Continuing in the background, is the nuclear issue. The decision taken by US President Donald Trump to withdraw from the nuclear deal with Iran was likely another catalyst for the most recent Iranian missile attack.

The Iranian leadership responded to Trump’s decision with anger, with Iran’s leaders viewing the agreement as an achievement that it wants to preserve, a possible pathway towards reviving its ailing economy and most important, a pathway for resumption of its activity to acquire an atomic bomb.

The theft of Iran’s secret nuclear archive in a bold Mossad operation in January was further insult from an Iranian point of view. Disclosed just a few days before Trump’s withdrawal announcement by Israeli Prime Minister Benjamin Netanyahu in a media presentation, the vast amount of material proves beyond doubt that Iran lied when it claimed it did not seek nuclear weapons. It also showed that Iran had breached the JCPOA by concealing the nuclear archive and by not reporting equipment and people involved in its secret bomb-design project to the IAEA, as required.

Israeli media reports had been predicting an Iranian missile attack from Syria for more than a week – and indeed the IDF had both called up reserve military forces – a highly unusual step –  and opened bomb shelters in towns in Israel’s north in the days before the attack, suggesting they anticipated at attack along these lines. Israeli reports also suggested the Iranians had held off their planned retaliation until after both President Trump’s announcement on Monday night and the Lebanese election on Sunday.
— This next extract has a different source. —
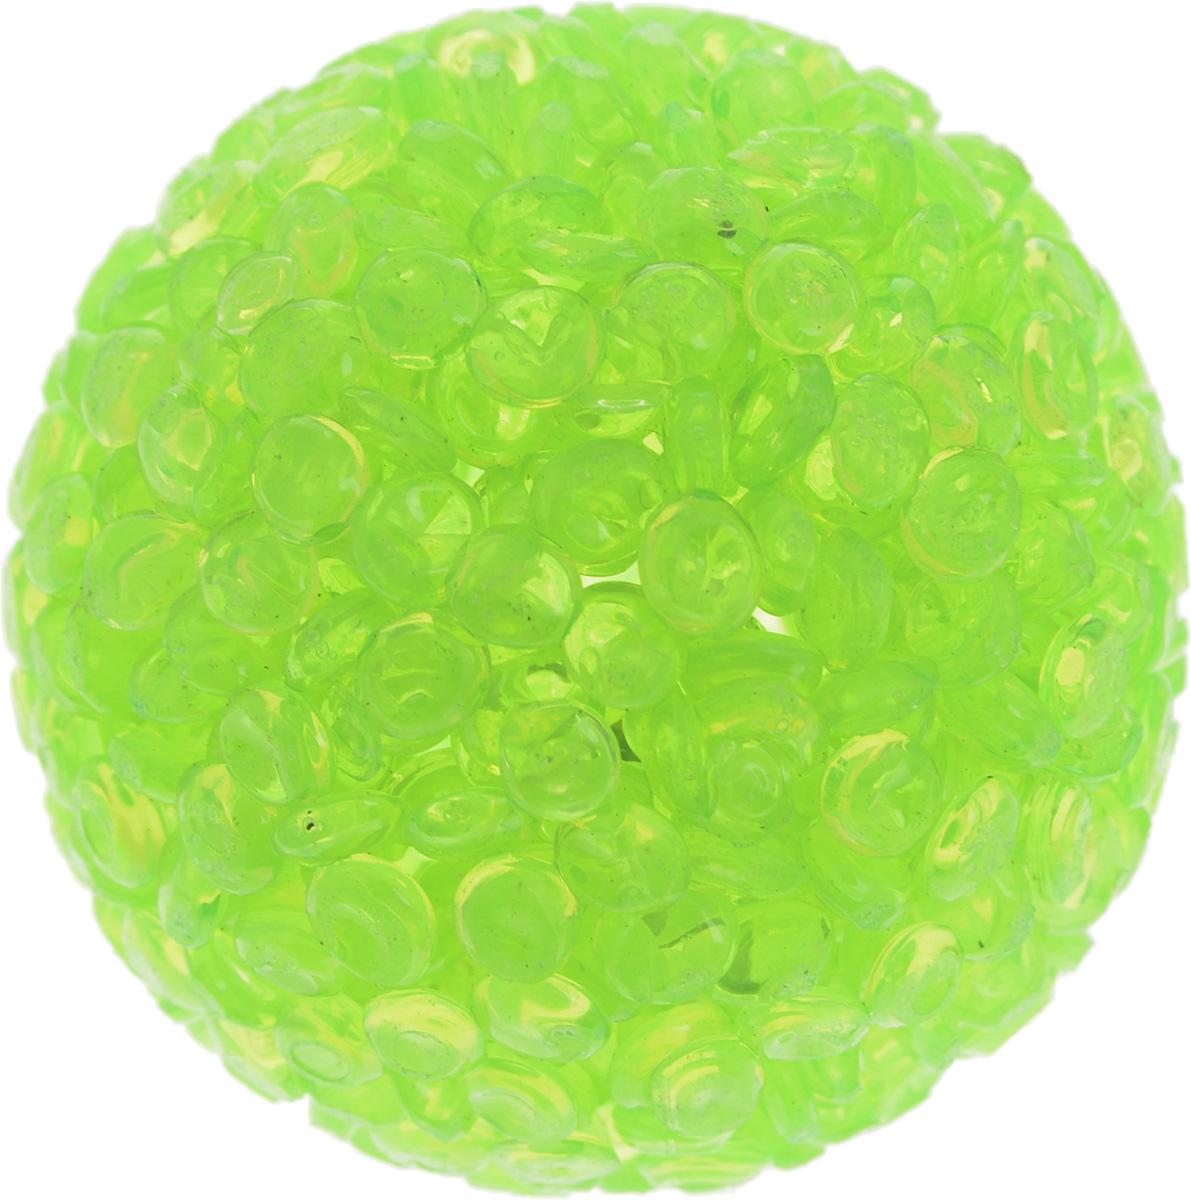 Игрушка для животных Каскад Мячик блестящий, цвет: салатовый, диаметр 4 см27799311Игрушка для животных Каскад Мячик блестящий изготовлена из высококачественной синтетики. Внутри изделия имеется небольшой бубенчик, который привлечет внимание питомца. Такая игрушка порадует вашего любимца, а вам доставит массу приятных эмоций, ведь наблюдать за игрой всегда интересно и приятно.Диаметр игрушки: 4 см.

Looking at the wider geo-political map, Iran’s reputation as a regional power is at stake. The US and Israel, along with their Sunni allies Saudi Arabia and Egypt, are making powerful moves to clearly mark the red line Teheran will not be allowed to cross.

Iran is losing ground across two key areas that matter to it – the nuclear deal and its attempt to use Syria as a permanent military base. At the same time, it can be pleased with Hezbollah’s election victory in Lebanon and apparent success in keeping close ally Bashar Al-Assad at the helm in Syria.

It is unclear how the commander of the IRGC General Qassem Suleimani will react to last night’s large-scale attack by Israel on his people in Syria – which he is likely to view as a personal insult. While neither side wants an all-out war at the moment, matters could still potentially escalate into one.

But even if this does not happen, one thing that most analysts agree on is that more rounds of direct fighting between Israel and Iran in Syria are almost certain to follow in the coming weeks and months.